THE RECORDS =>
======

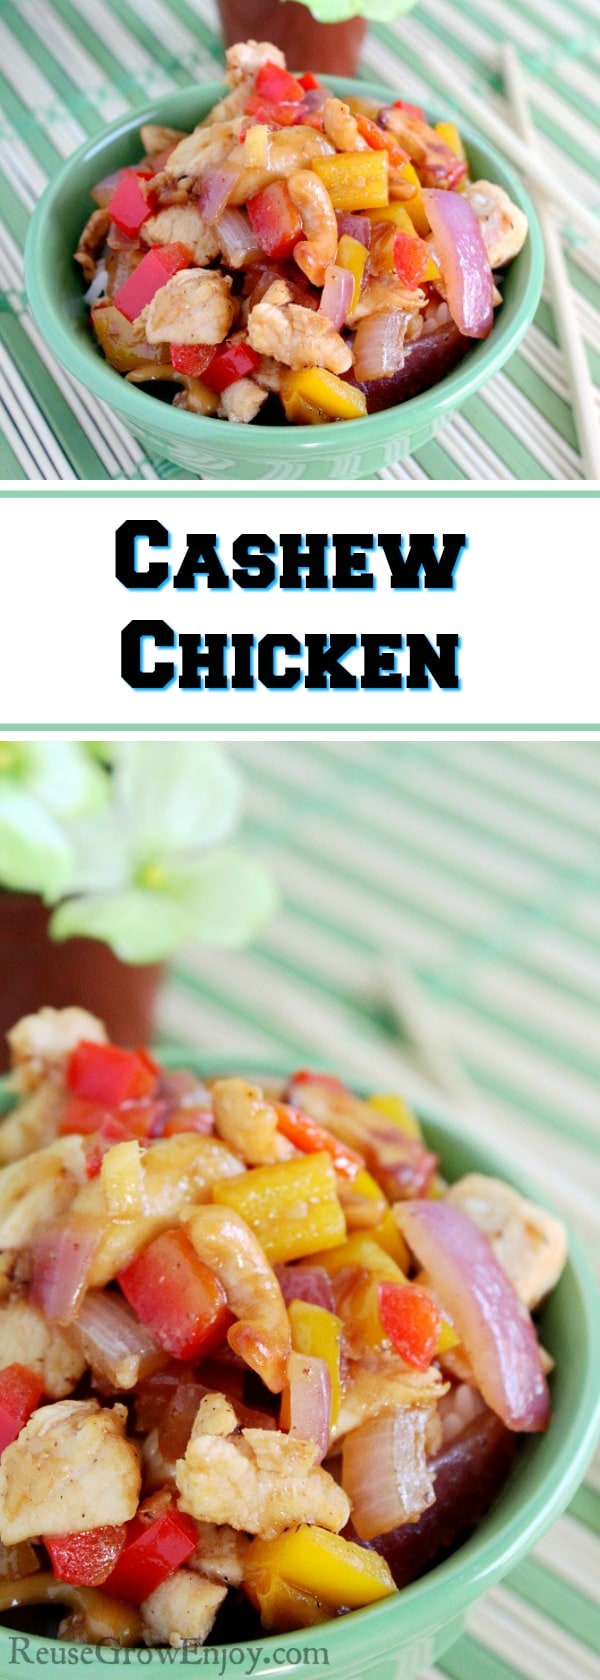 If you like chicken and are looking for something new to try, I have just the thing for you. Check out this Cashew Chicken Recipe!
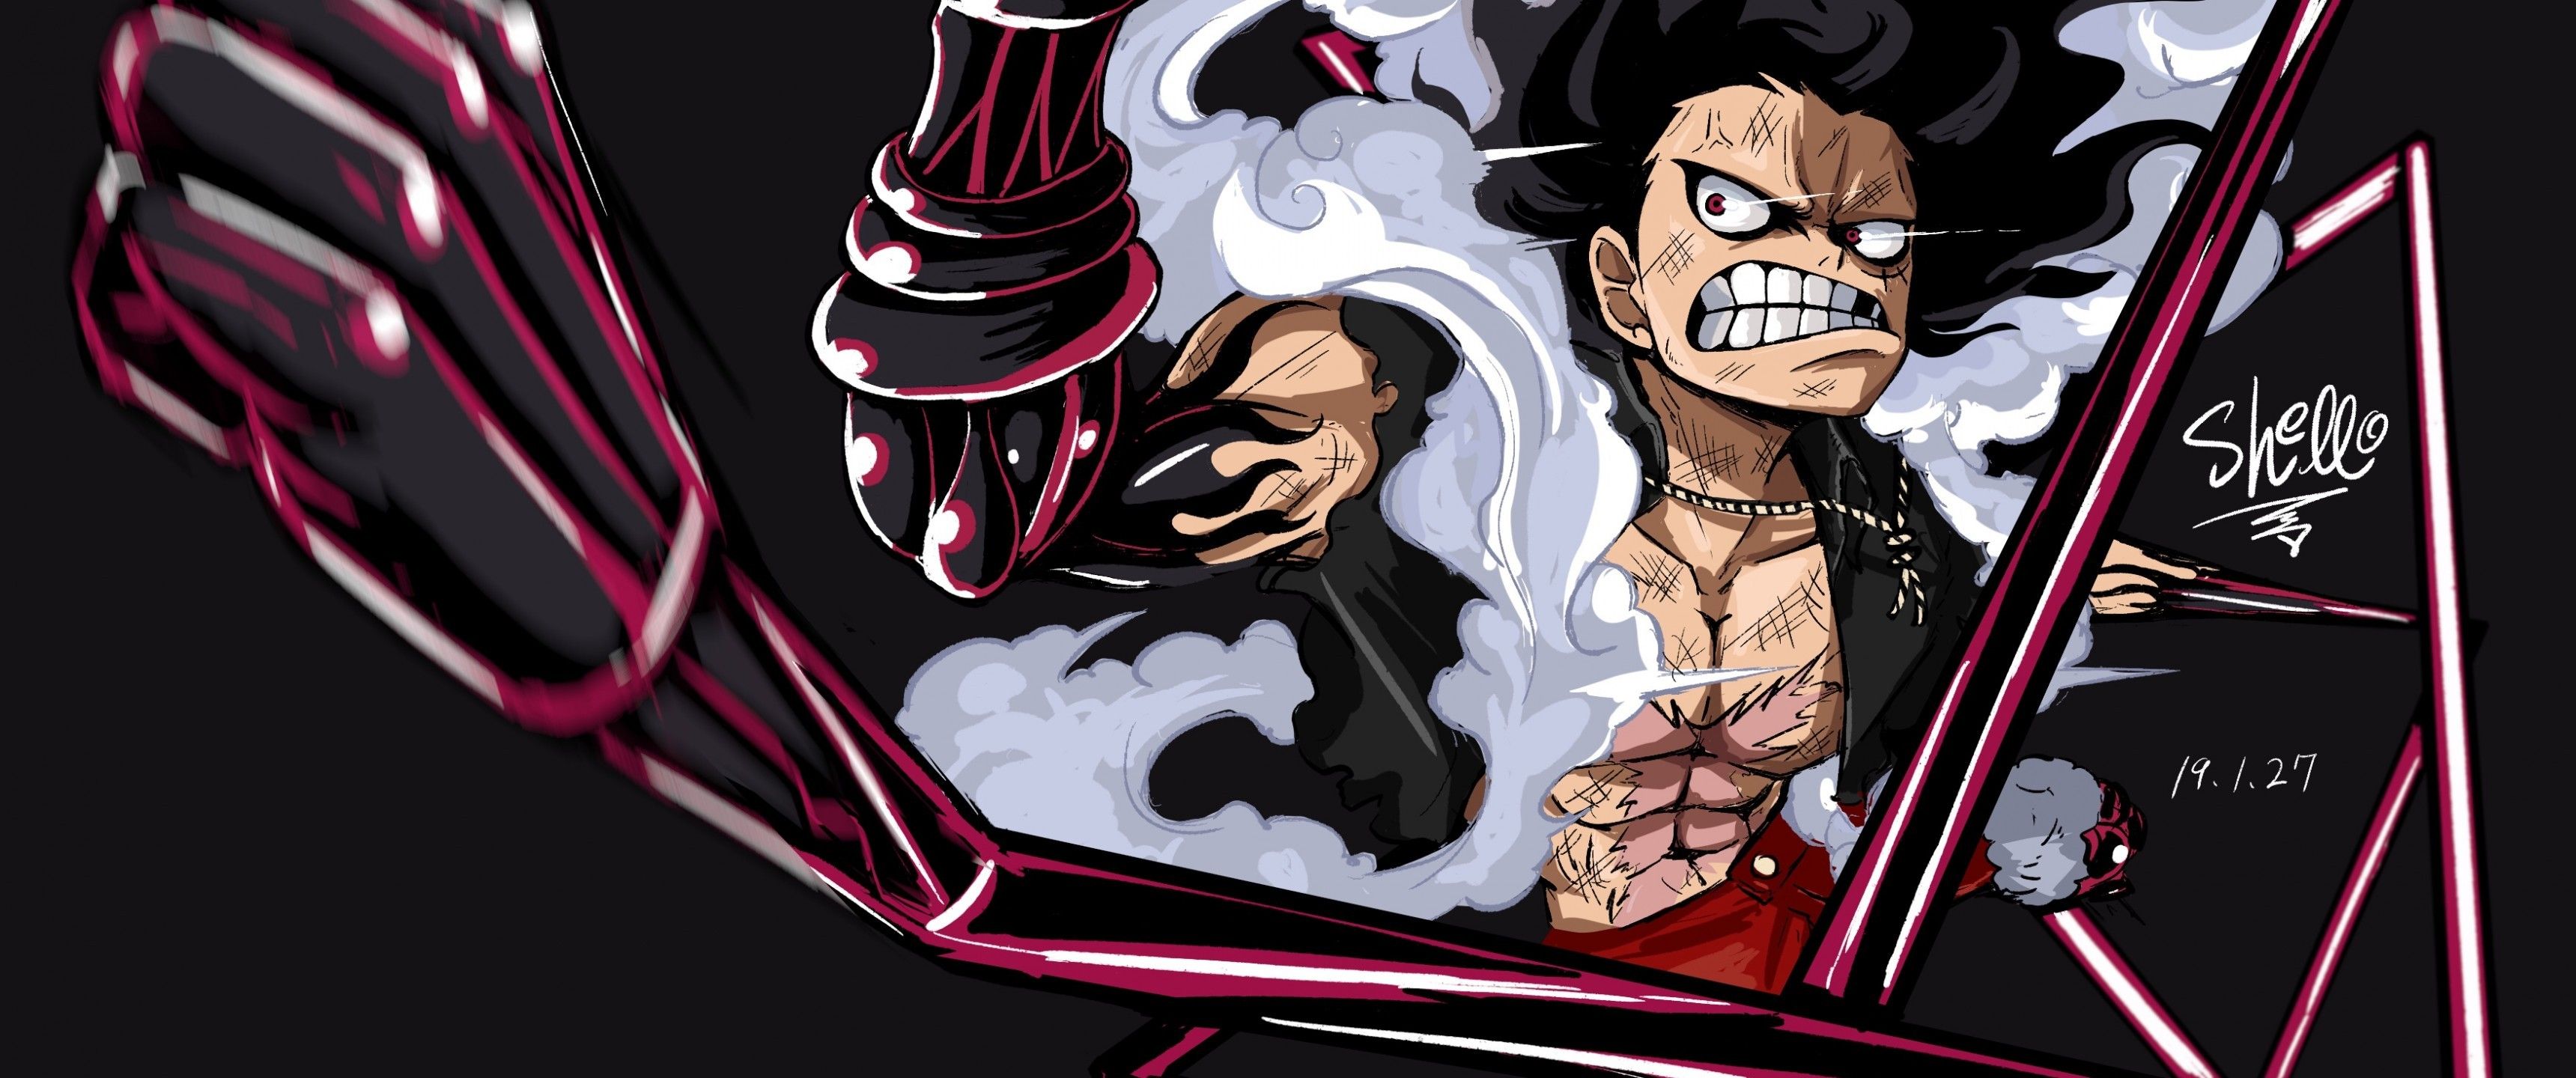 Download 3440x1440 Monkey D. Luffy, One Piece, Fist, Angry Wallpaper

======

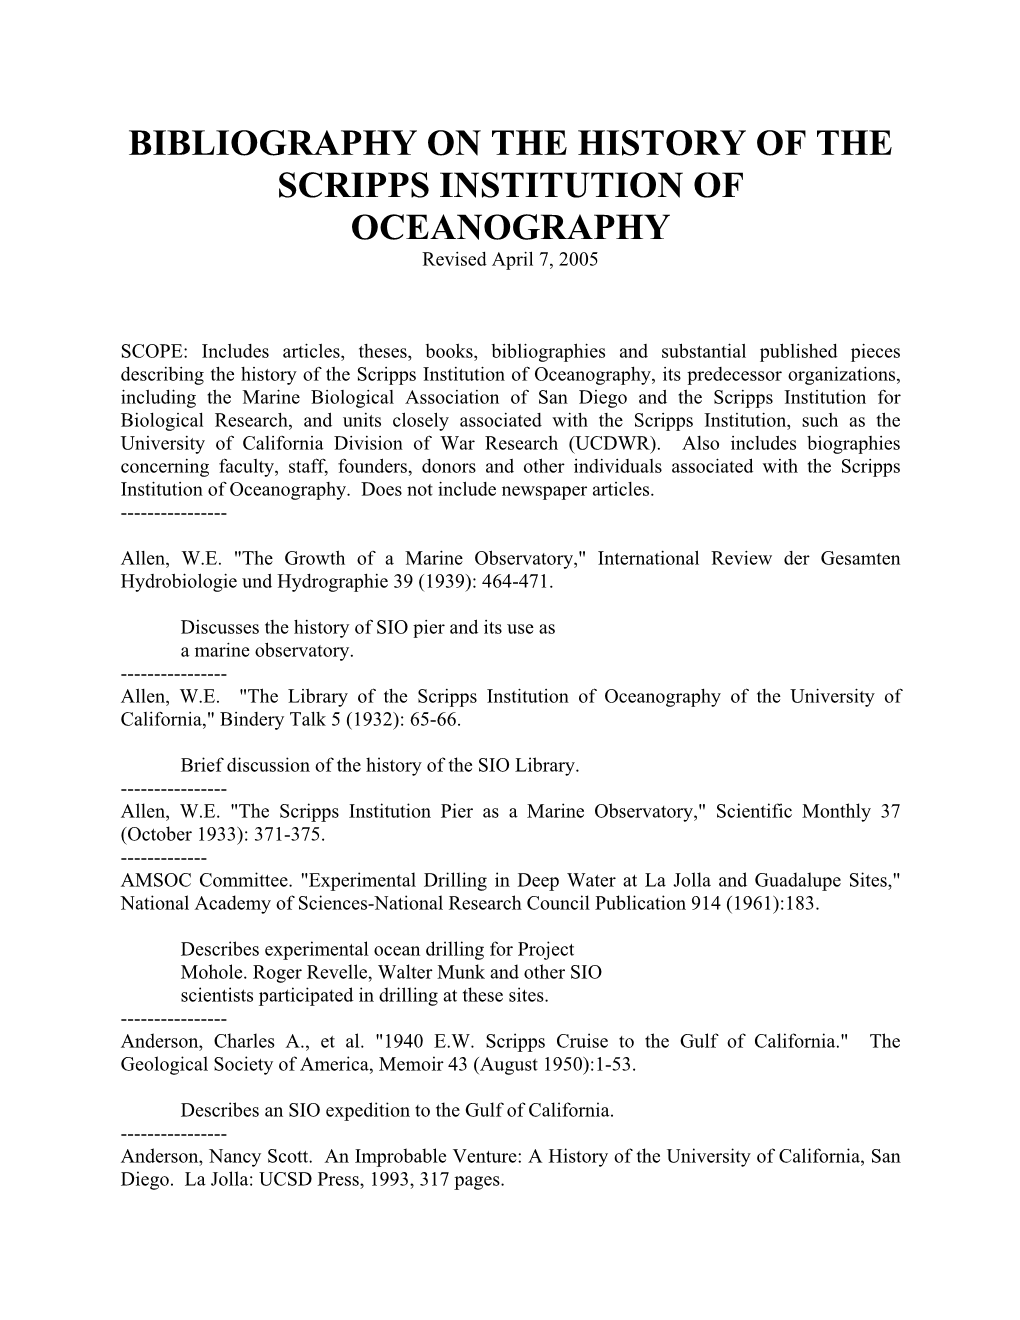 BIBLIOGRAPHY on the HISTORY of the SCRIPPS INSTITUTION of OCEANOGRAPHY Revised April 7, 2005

======

EXERCISE DIRECTIONS =>
Could you write out exactly the lines of the data above that run from the one holding "If you like" to the one holding "Download 3440x1440 Monkey", with both ends in and all pictures out?

RESPONSE TO THIS TASK =>
 If you like chicken and are looking for something new to try, I have just the thing for you. Check out this Cashew Chicken Recipe!
 Download 3440x1440 Monkey D. Luffy, One Piece, Fist, Angry Wallpaper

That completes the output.